Looking below, you'll see that the script siliconNitridePsf.tcl
has a number of parameters. Besides having the usual input and output
files, we have three flags which determine whether the script should
search for angles (findAngles), whether bonds should be formed
across hexagonal periodic boundaries in the 
-plane (hexPeriodic), and whether bonds should be formed between the
hexagonal faces at the top and bottom (zPeriodic). We want to
determine the angles and bond across the periodic boundaries; however,
we wish to have water above and below the membrane, so we do not bond
the top of the membrane to its bottom.
The next important parameter to note is bondDistance. It is the threshold distance between atoms below which bonds are created. The remaining parameters define the properties of the silicon and nitrogen atoms--such as their masses and charges. NAMD matches the atom type to values in the parameter files that give the bond and non-bonded force constants between atoms. We take a look at one of these parameter files in section 1.4.
siliconNitridePsf.tcl
# Make a psf file for Si3N4.
set fileNamePrefix membrane
# Input:
set pdbFile ${fileNamePrefix}.pdb
set boundaryFile ${fileNamePrefix}.bound
# Output:
set psfFile ${fileNamePrefix}.psf
set surfPdb surf.pdb
# Parameters:
# Should angles be calculated in addition to bonds?
set findAngles 1
set hexPeriodic 1
set zPeriodic 0
# "bondDistance" is used to determine whether a bond exists between atoms.
set bondDistance 2.0
# Si parameters
set nameSi "SI.*"
set massSi 28.085500
set chargeSi 0.7710
set typePrefixSi SI_
set numBondsSi 4
# N parameters
set nameN "N.*"
set massN 14.00700
# chargeN is determined by neutrality.
set chargeN 0.
set typePrefixN N_
set numBondsN 3
The main procedure is the driver for the script.
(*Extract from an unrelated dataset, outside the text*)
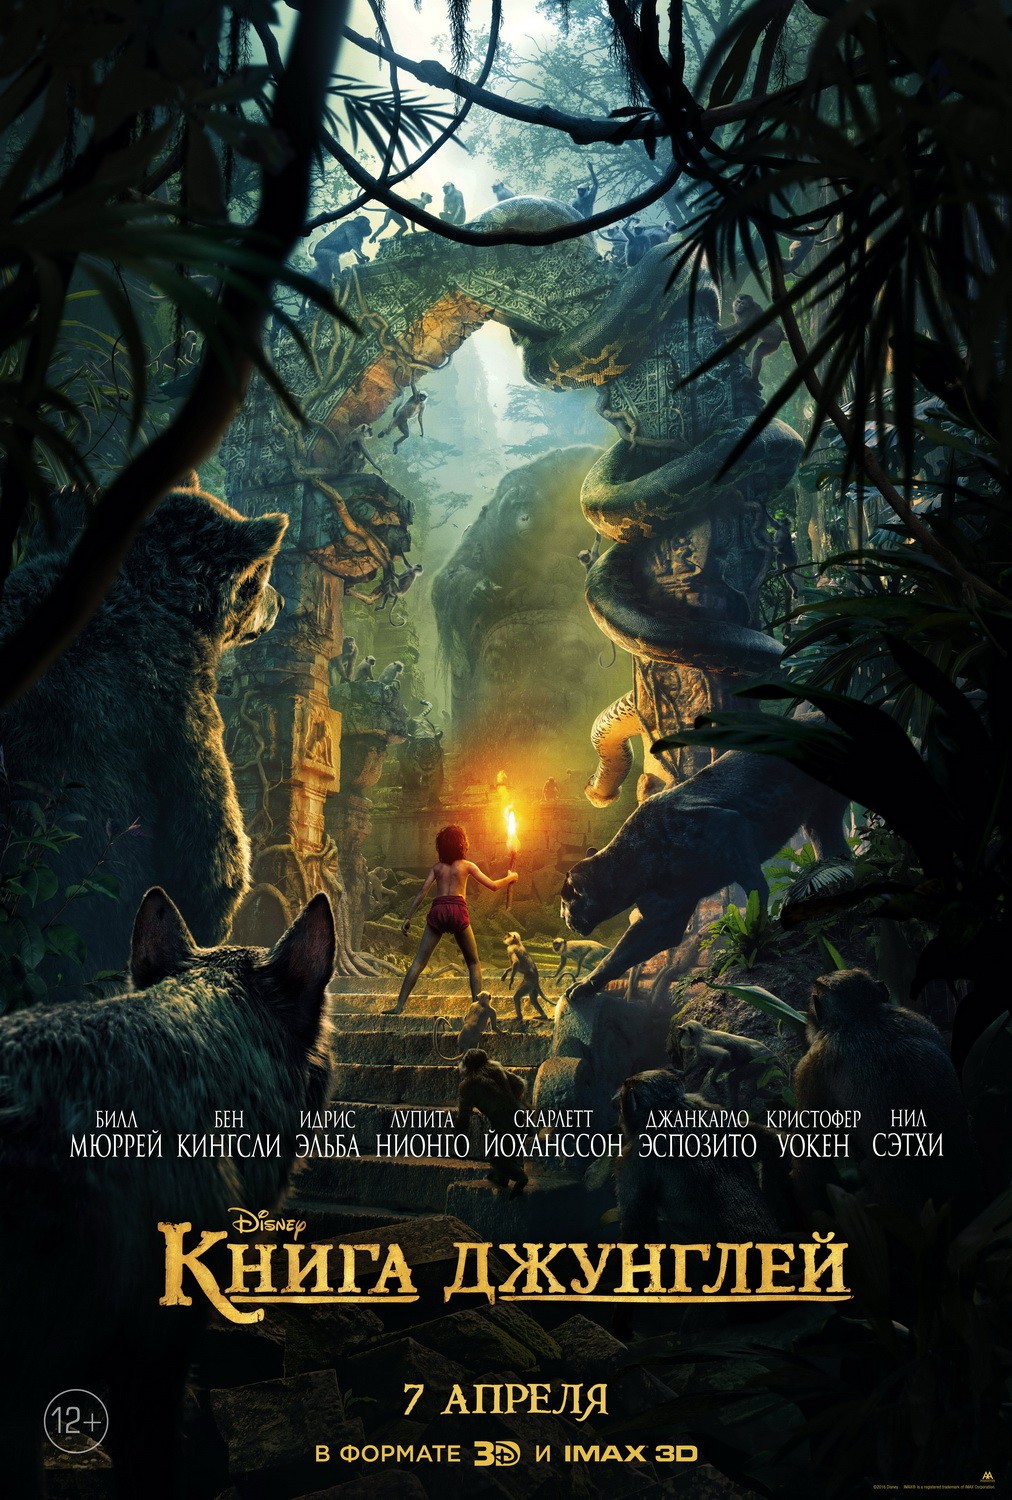 Книга джунглей: постер N119371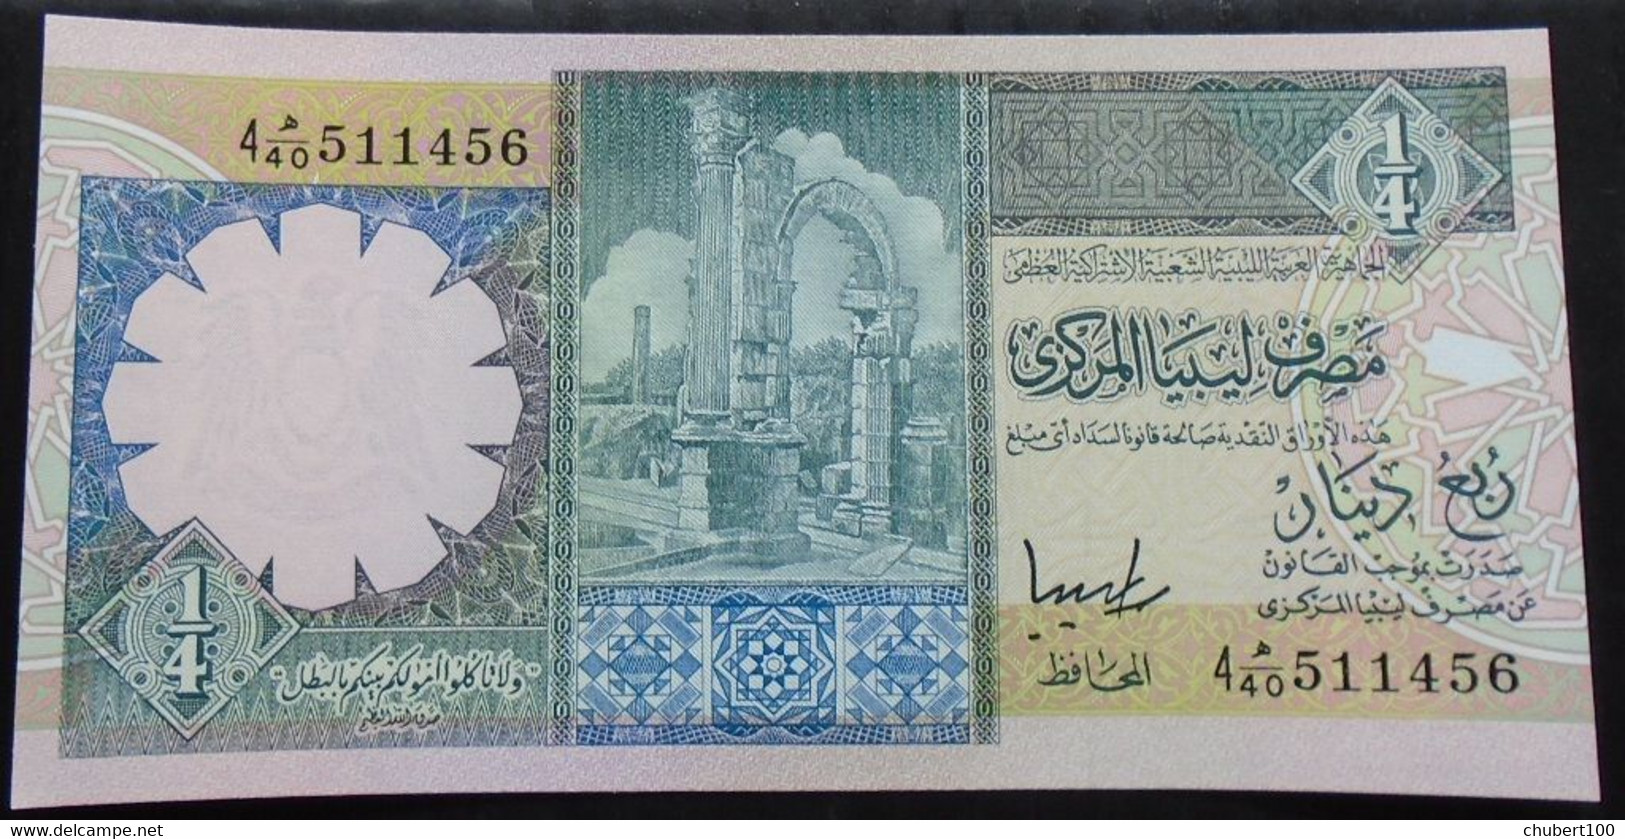 LIBYA , P 57b + 57c  ,  1/4 Dinar  ,  ND 1991 ,  UNC Neuf , 2 Notes - Libye

Note that it determines the nitrogen charge to enforce charge neutrality in the system. See the box ``Charge neutrality'' in section 1.3 for more information.
proc main {} {
global pdbFile boundaryFile psfFile surfPdb
global findAngles hexPeriodic zPeriodic
global bondDistance
global nameSi massSi chargeSi typePrefixSi numBondsSi
global nameN massN chargeN typePrefixN numBondsN
set selTextSi "name \"${nameSi}\""
set selTextN "name \"${nameN}\""
# Load the pdb.
mol load pdb $pdbFile
set nAtoms [molinfo top get numatoms]
# Get the number of nitrogen and silicon atoms.
set silicon [atomselect top $selTextSi]
set numSilicon [$silicon num]
$silicon delete
set nitrogen [atomselect top $selTextN]
set numNitrogen [$nitrogen num]
$nitrogen delete
# Determine the nitrogen charge.
set chargeN [expr -$chargeSi*$numSilicon/$numNitrogen]
puts "Charge on nitrogen atoms: $chargeN"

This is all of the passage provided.